The Court has denied the Petitioning Creditors’ requested relief but acknowledges that they have alternative avenues for recourse against Medpoint, potentially through state-law claims enforceable in state court. Evidence from Downing’s deposition suggests that Medpoint may have defaulted on various agreements, and there are facts that could support claims of fraudulent transfer under Arizona law. The Court emphasizes that granting Medpoint’s Motion does not absolve it of responsibility, as the Petitioning Creditors retain the ability to pursue their claims in state court. It notes a conflict between Arizona law and the Controlled Substances Act (CSA), stating that Arizona does not enforce the CSA against businesses like Medpoint. However, as a federal court, it must adhere to federal law, which prohibits marijuana-related business activities. The Court points out that the Petitioning Creditors might themselves have violated the CSA, entering the proceedings with unclean hands. Consequently, the Court lacks the authority to provide relief or jeopardize a trustee managing drug-tainted assets. The Court grants Medpoint’s Motion, dismisses the Petition, and denies Medpoint’s request for a hearing on damages, fees, or costs.

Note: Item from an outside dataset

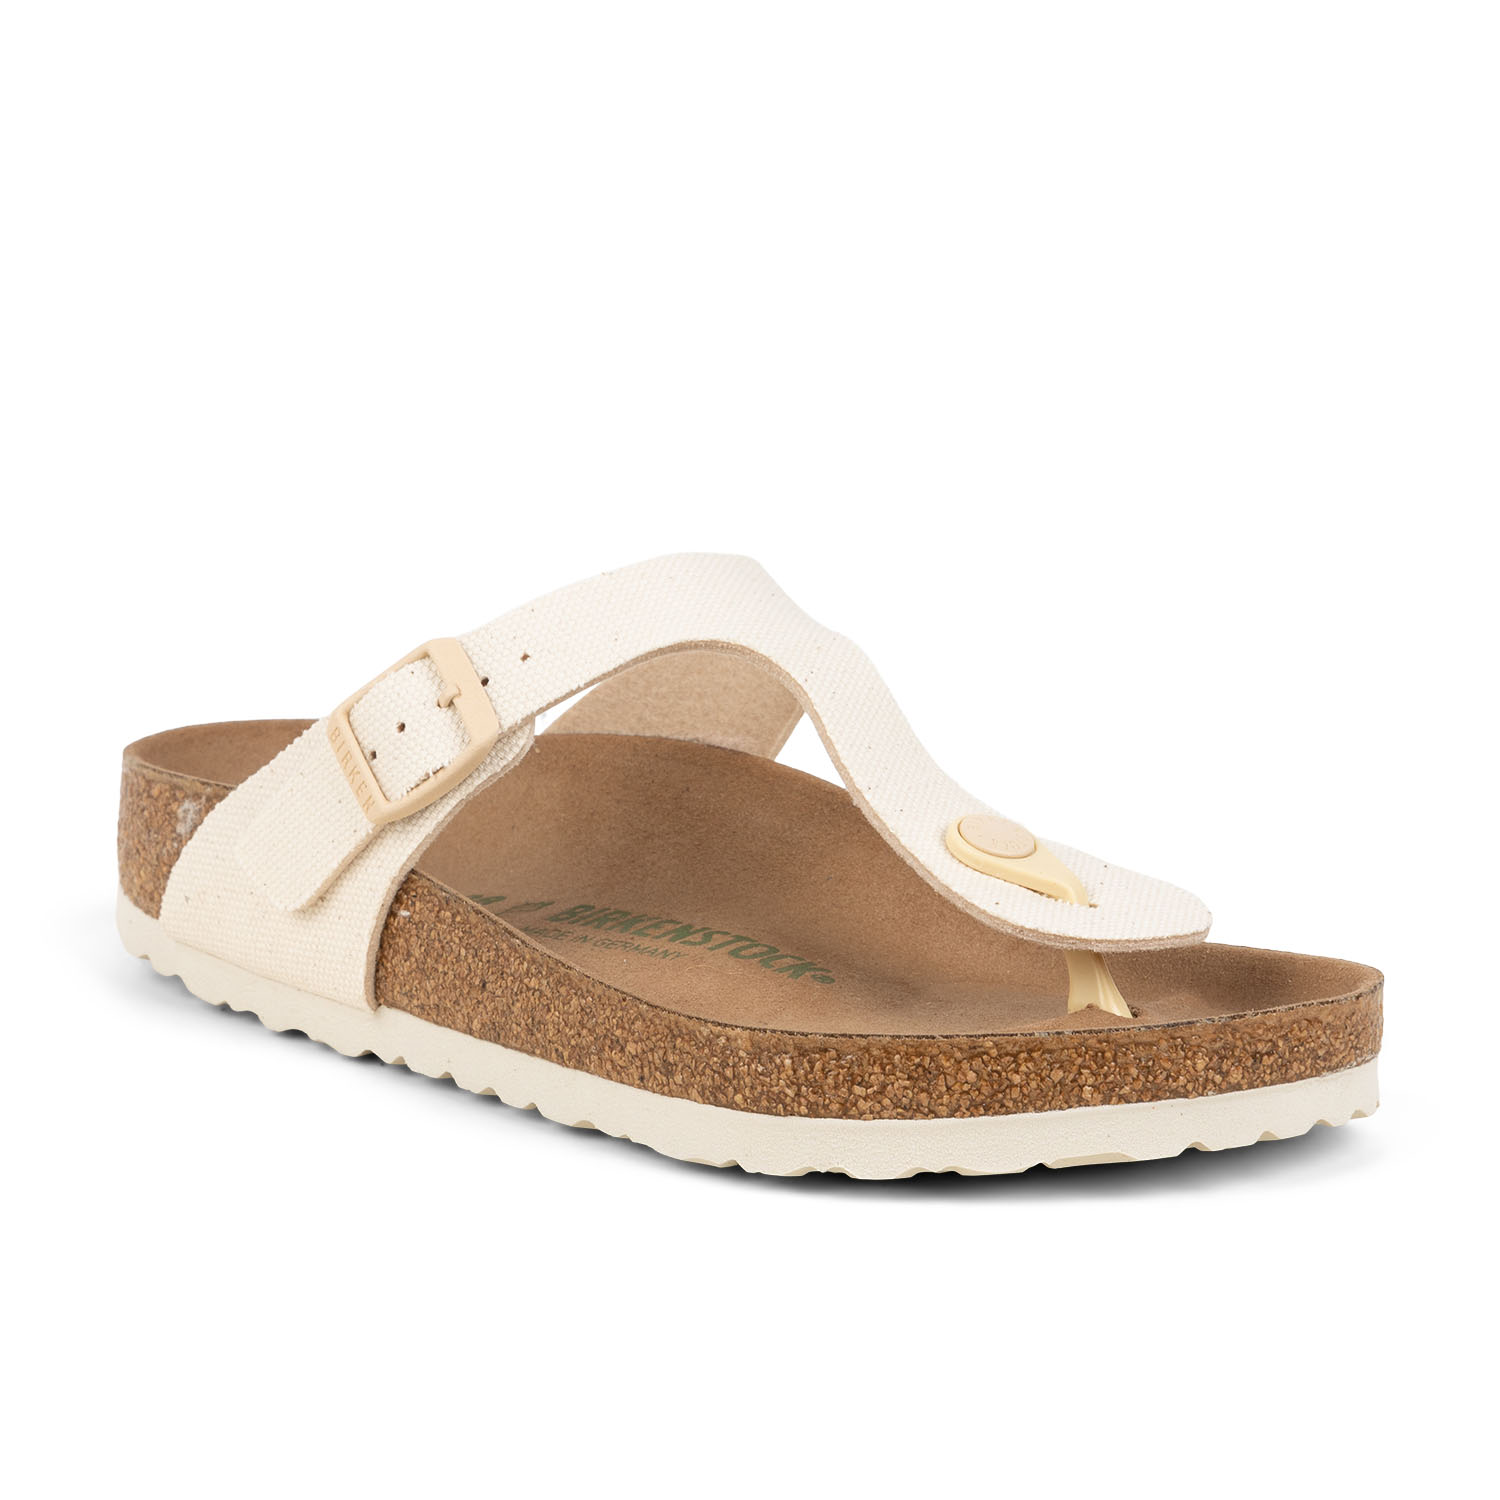 02 - GIZEH TEX - BIRKENSTOCK - Sandales - Cuir / synthétique

The document outlines several entities involved in a legal matter, including ANW Arizona Nature Wellness, Medpoint Management, and others, with varying organizational structures and profit statuses. The Court asserts jurisdiction under 11 U.S.C. §§ 157 and 1334 and references the Controlled Substances Act (CSA) as codified in 21 U.S.C. 801, et seq. Medpoint's request for a damages hearing is denied, as no provisions for such a hearing were found in the Medpoint Service Agreement or the Tier Service Agreement. There is no written contract between ANW and BMF provided in the pleadings, and Downing is identified as both a current employee and former member of BMF. A diagram is attached illustrating the relationships between the entities following ANW's termination of the Medpoint Service Agreement.
Bloom Industries is a subsidiary of BMF, which currently manages ANW, while Infinite Bloom, a former Medpoint subsidiary, was sold to BMF for $11,100 in 2014 to avoid employee contract complications. The Court refrains from determining the forfeitableness of Medpoint’s assets under the CSA, noting that such issues could influence future bankruptcy proceedings in states permitting medical marijuana operations. It further discusses the legality of contracts and negotiable instruments related to federal law, citing a similar case (Northbay) that highlights the conflict between state legalization of marijuana and its federal illegality.